Systemic Therapies in Hepatocellular Carcinoma
Systemic Therapies in Hepatocellular Carcinoma
Fourteen studies investigating sorafenib in combination with other treatments included a total of 470 patients, with a similar patient populations as the sorafenib-only studies, but with a smaller number of patients.
These studies collected better OS, TTP and DCR results than those observed in the sorafenib-only trials, even though a direct comparison between all these studies seems difficult to assess. Sorafenib in combination with other agents does not show excessive toxicity, but the HFS seems to be much more frequent, especially sorafenib in combination with fluorouracil and derivates. Furthermore, addition of erlotinib to sorafenib did not provide additional benefit to patients with unresectable liver cancer versus sorafenib alone in the Phase III trial.

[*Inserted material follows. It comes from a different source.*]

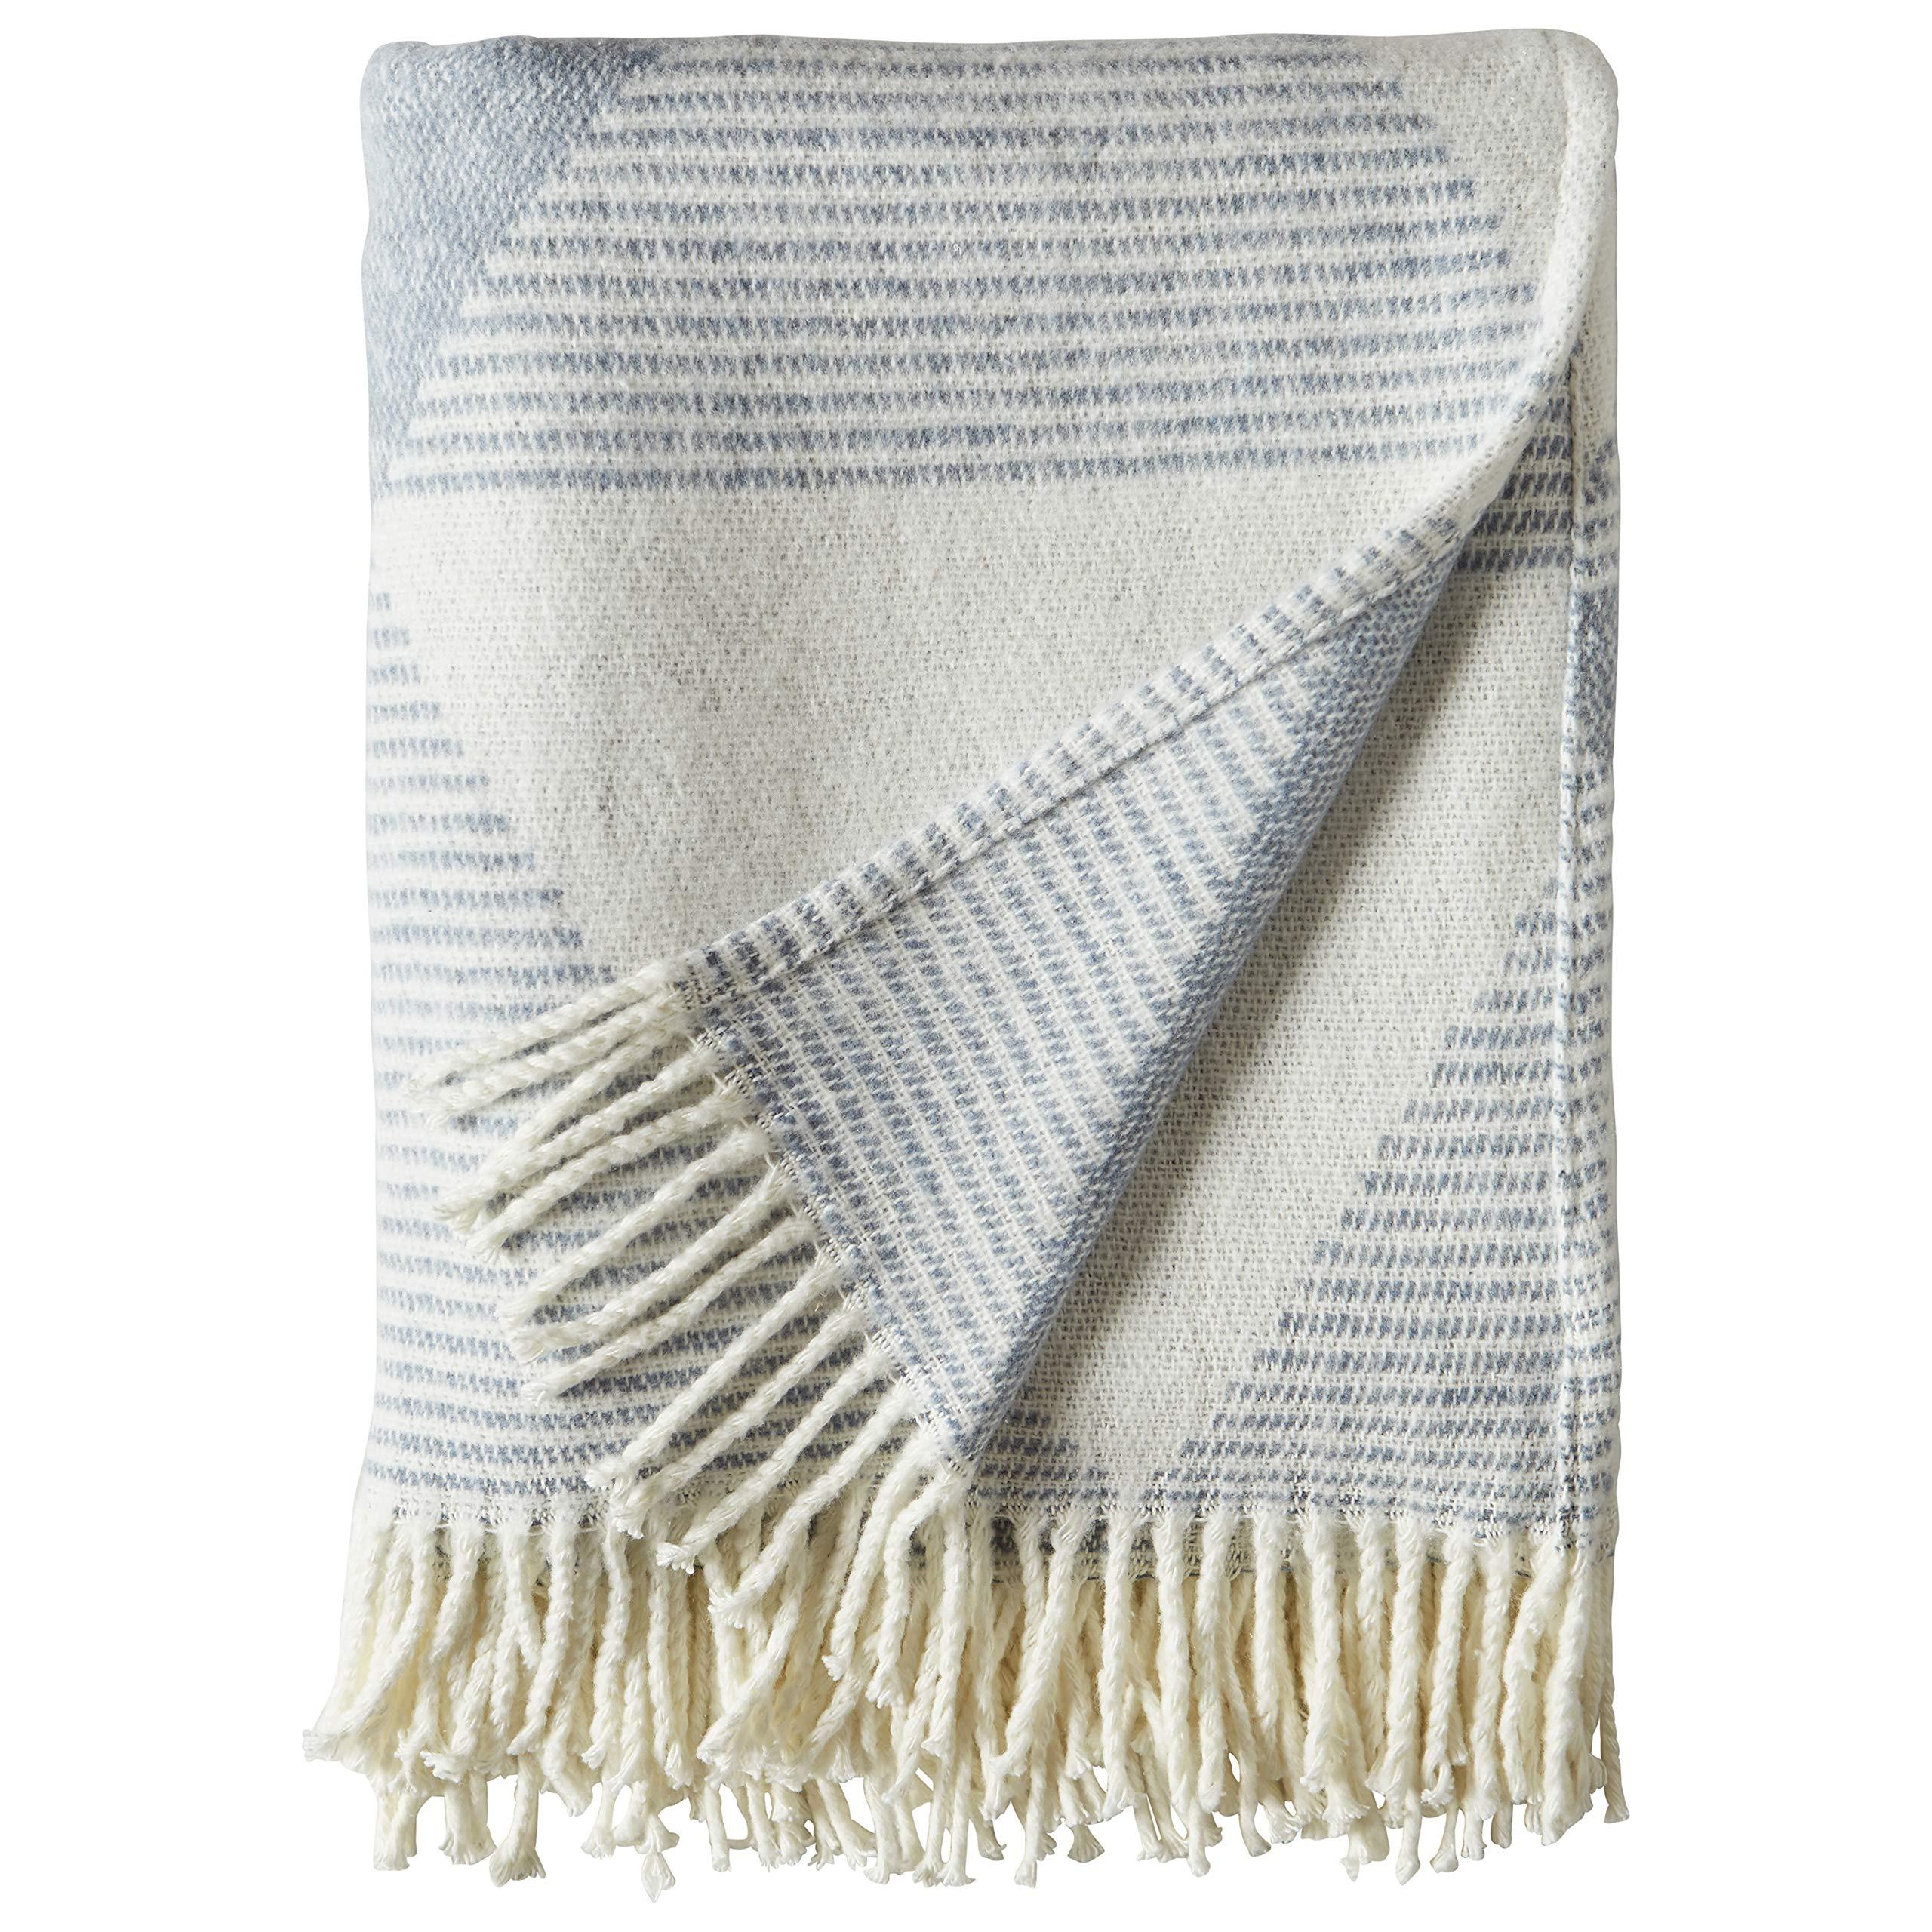 80 x 60 Inch Grey Rivet Chenille Knit Tassel Throw Blanket

The most common cause of death in HCC is due to tumor recurrence and metastasis. Clinical outcomes have not met expectations, despite positive results obtained in preclinical studies with VEGF inhibitors. Sorafenib is the only drug that has been shown to improve survival significantly in HCC patients. Recently, a VEGF inhibitor called sunitinib has shown survival benefits in HCC patients but not in the HCV patients.
Sunitinib malate (SU11248, Sutent®; Pfizer, NY, USA) is an oral multikinase inhibitor that targets several tyrosine kinases receptors, such as VEGF-1/2 and PDGFR-α/β, and is implicated in HCC proliferation and angiogenesis. In addition, it was defined as an inhibitor of c-kit, Fit-3 and RET.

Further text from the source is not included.